A discourse on the city as an agricultural hub
And the possibilities of an enhanced urban ecosystem  |  Architect Michael Caspi


 

Paper for Landscape Urbanism seminar
Inst: Landscape Arch.  Judy Green  |  Dr. Doron Bar (Geo.)
Partial requirements for Masters of Urban design degree,
Bezalel Academy of Art and Design, Jerusalem, Oct' 2011


​"Ecology is the study of plants and animals in their relationship to their environment and the relationship to each other, but in fact it is more than that: It is an intellectual discipline and the main tool that allows us to hope that human evolution succeeds to get on a new track, and that man will stop plundering the environment, on which our whole future of humanity depends on". (Max Nicholson, the environmental revolution, 1970)

 

 

Forward
Ecosystems are the productive engines of the planet, providing most of our essential needs, from producing food, generating unique biodiversity, enabling the production of oxygen, and up to making fibers for clothing. Yet, nearly every measure we use to assess the health of ecosystems tells us we are drawing on them more than ever and hence degrading them, in some cases in a greater pace than its optimal production. As for now, most reports1 show that human activity has profoundly altered the extent, condition and capacity of all major ecosystem types. Agriculture has expanded at the expense of grasslands and forests, engineering projects have altered the hydrological regime of most of the world's major rivers, settlement and other forms of development have converted habitats around the world.
This paper will try and examine the status of the intensified agricultural land use outside our cities and its repercussions on our environment, and our cultural customs in consuming them. Once we understand the consequences of this massive intensification in agricultural processes in precious open land, We can start ask ourselves about the intervention of local small-scale farming in our cities, and by that alleviating some percentage from the load of the "farming machine" food production and its negative effects on the local ecosystems it surrounds.
It is no longer relevant to ask whether we can feed the planet, but a more difficult question should be asked: Can the world's agroecosystems and farming intensity feed today's planet and remain sufficiently resilient to feed tomorrow's hungrier planet? Saying that, Can we create a mechanism in the city or a "city mechanism" that doesn't need the farm (Partially at first) in order to exist, but be self-sufficient and capable of growing fresh produce, by technological intervention and design ingenuity, aided by its urban waste producing minimal impact on the ecology and the built environment it is adapted to?

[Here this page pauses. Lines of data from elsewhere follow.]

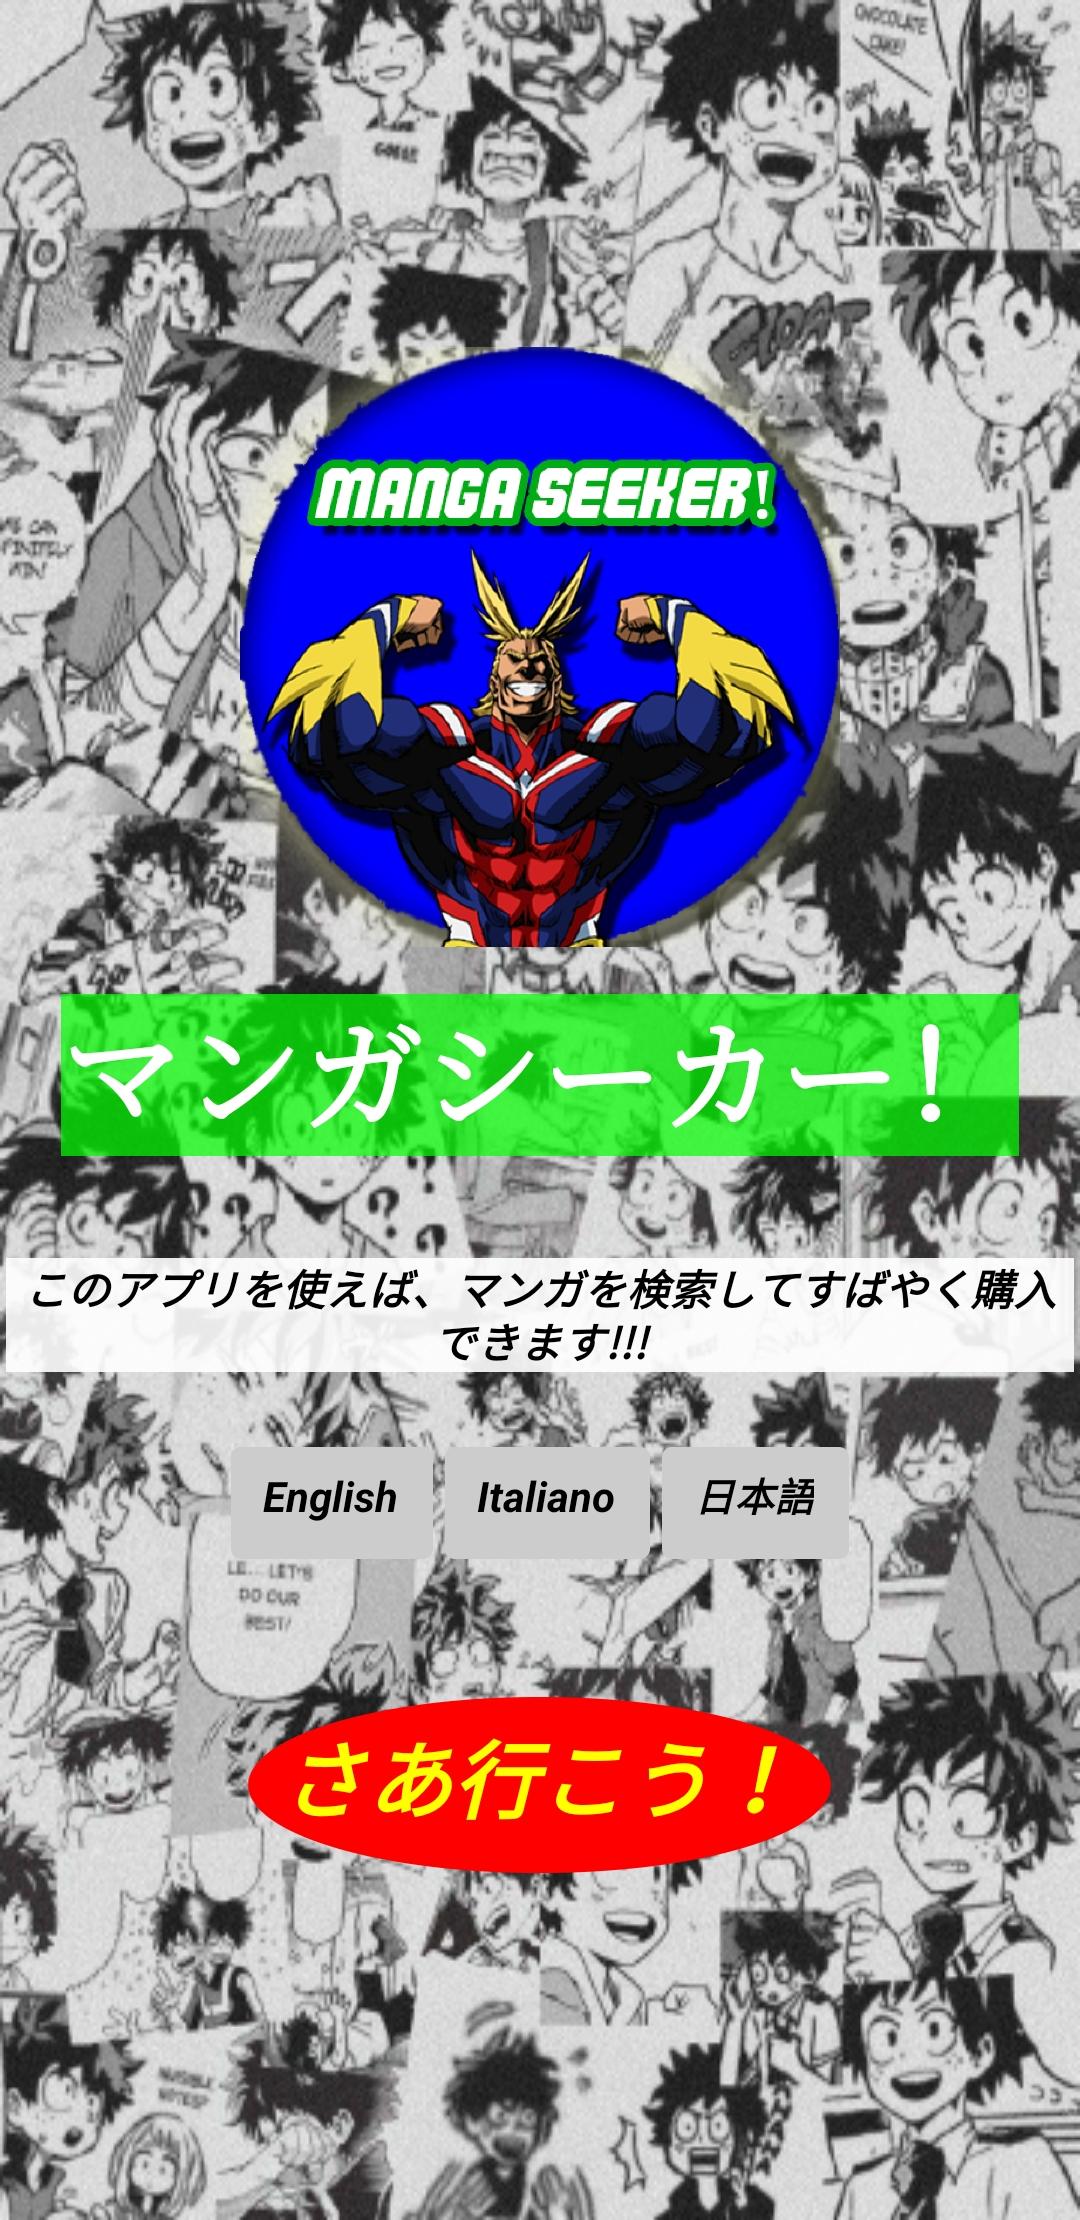 Manga Seeker! 1.1 Screenshot 5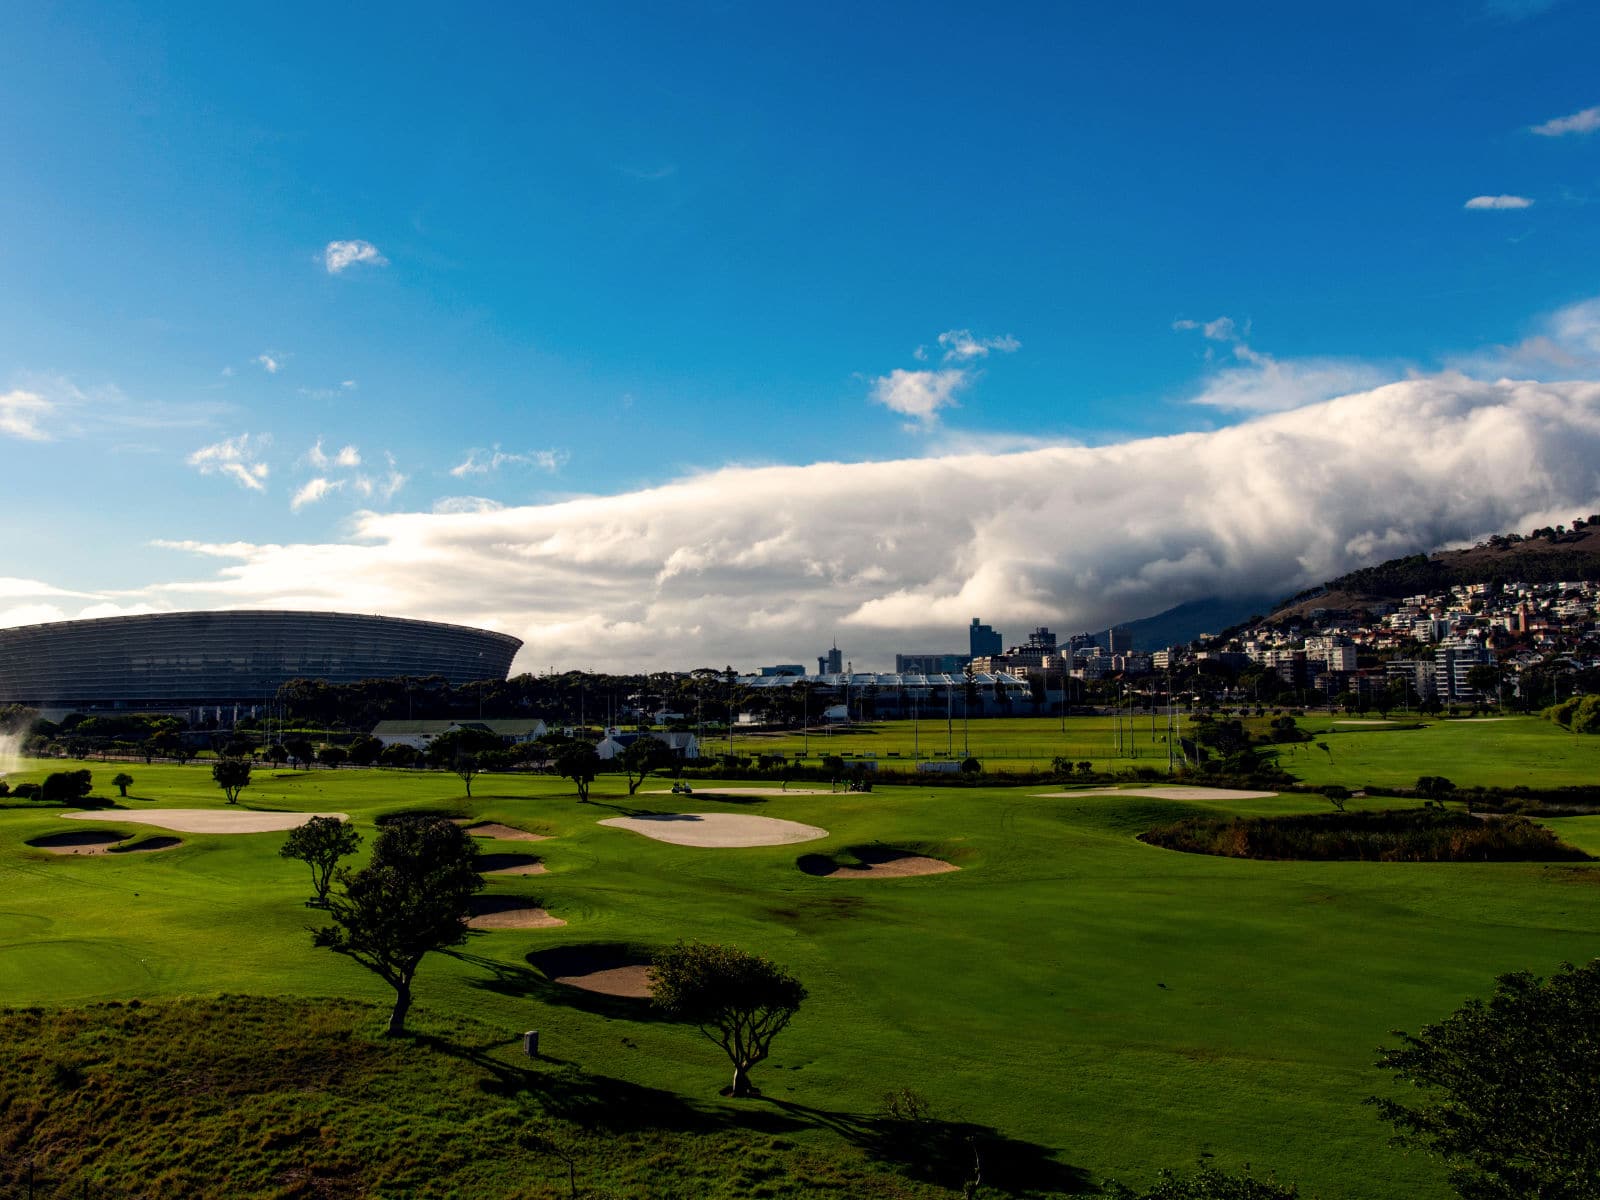 Golfplatz und Stadion in Kapstadt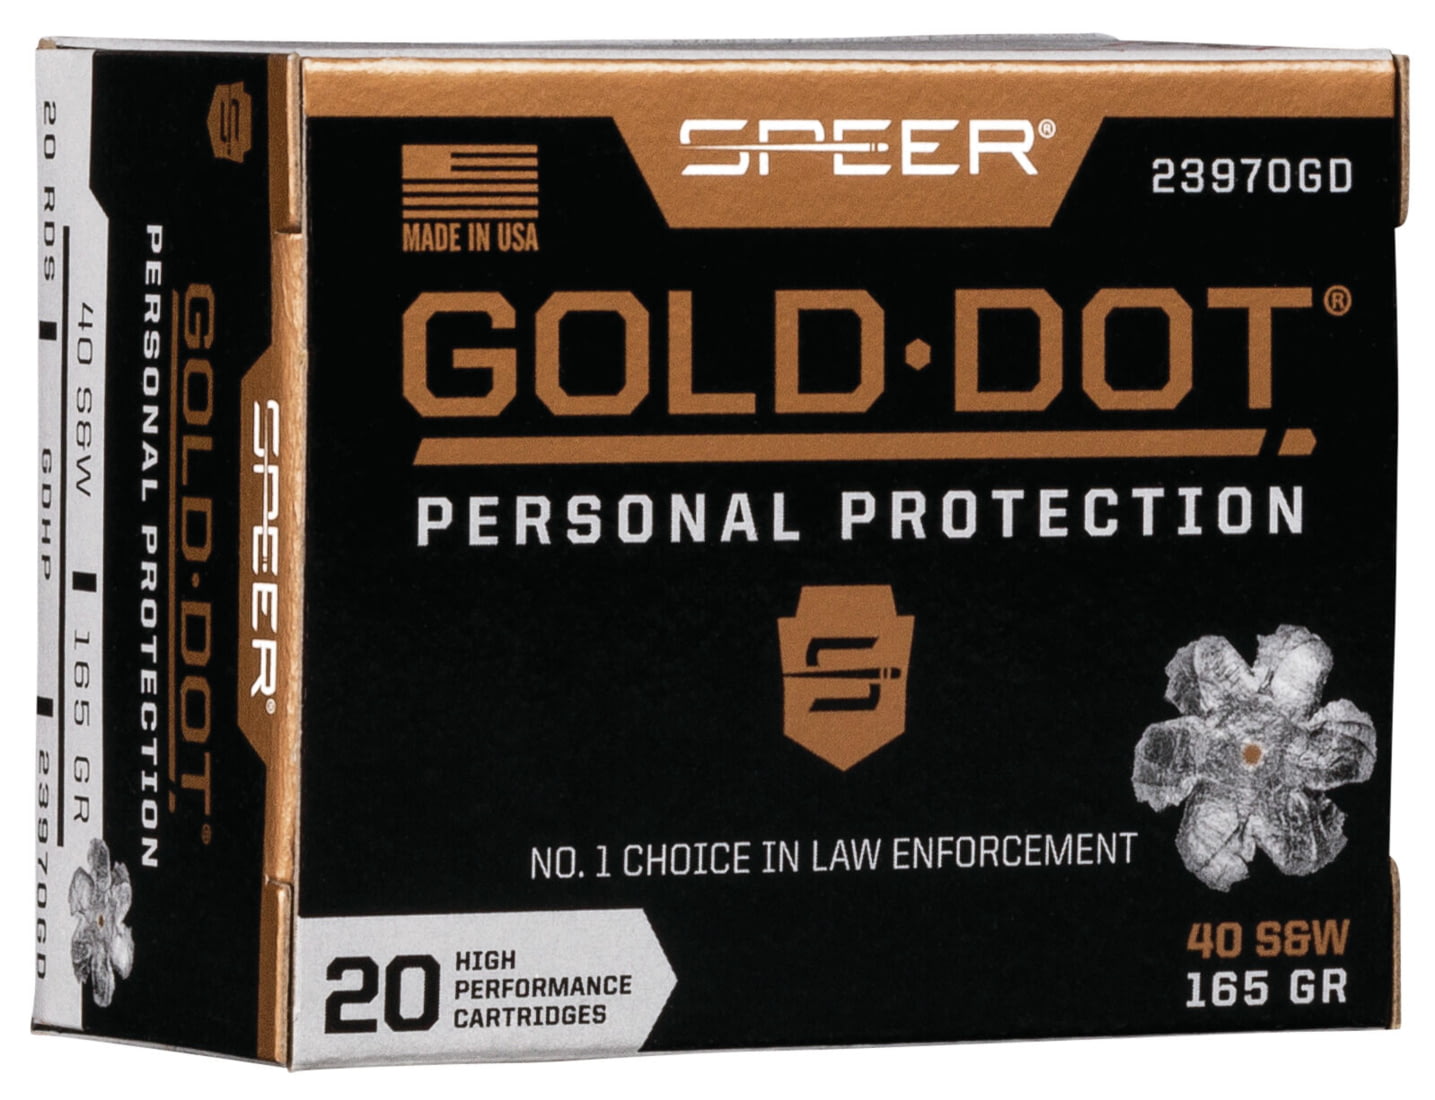 Speer Gold Dot Handgun Personal Protection .40 S&W 165 grain Gold Dot Hollow Point Centerfire Pistol Ammunition

As for today, solution related to urban agricultural activities take place in various parts of cities, both in the built-up area, such as in back yards, along streams and railway reservations, on vacant public or private land, and as well as in the rapidly changing sub - and peri-urban areas. During the past two decades, urban agriculture had evolved from a subsistence production to an agricultural practice for consumption by the producers (with a small part of it for trading), based mainly on the use of local resources and with minimum transportation costs. However, it still seems in developing stages and what this paper will try to examine is the enormous potential for local urban agriculture to make better optimal utilization of urban waste, energy and other resources to produce and sustain the growing population in the cities and maintain a quality based ecosystem and greater biodiversity in the city.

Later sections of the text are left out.